In a masterful tribute, Parham interlaces the narratives of Gino Bartali, the revered Italian cycling legend, and Hew, an embittered soul haunted by the spectre of a childhood rival’s success.

With palpable fervour, Parham breathes life into Bartali’s heroic exploits, recounting his triumphs in the Giro Italia and the Tour de France amidst the tumult of family tragedy and World War II. Through Parham’s portrayal, we witness Bartali’s indomitable spirit as he defies adversity, even clandestinely aiding persecuted Jews under the guise of training rides.

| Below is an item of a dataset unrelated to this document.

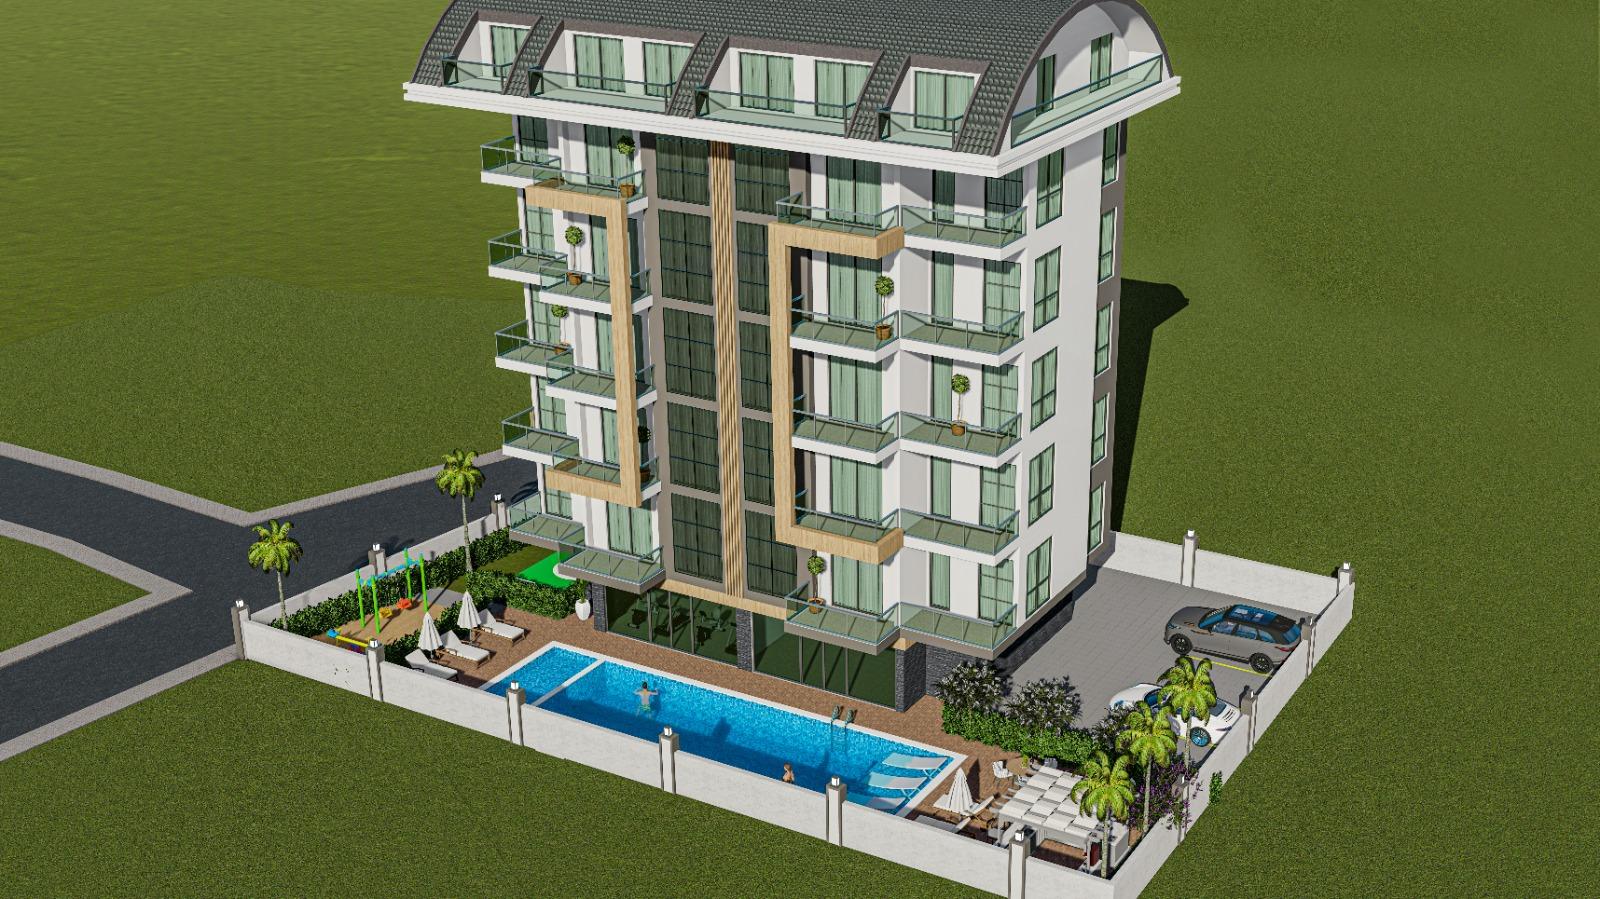 Новые квартиры по приемлемым ценам в строящемся комплексе - Фото 8

Yet, amidst the grandeur of Bartali’s tale, Hew emerges as a poignant contrast—a solitary figure, adrift in his discontent, until an unexpected encounter with fitness luminary Jake Johnson sets him on a path of self-discovery. As the narrative weaves between their stories, Parham’s performance dazzles, effortlessly shifting between accents and emotions with impeccable timing and boundless charisma.

Simple yet evocative staging, with a lone black stage adorned by a golden bicycle and intermittent props, invites the audience to immerse themselves in the unfolding drama, while the deft interplay of lighting underscores the shifting moods of each character’s journey.

Parham’s comedic prowess shines through, eliciting laughter and engagement from the audience, transforming moments of introspection into shared moments of joy and connection. The performance culminated in a rapturous standing ovation, leaving the audience both entertained and enlightened.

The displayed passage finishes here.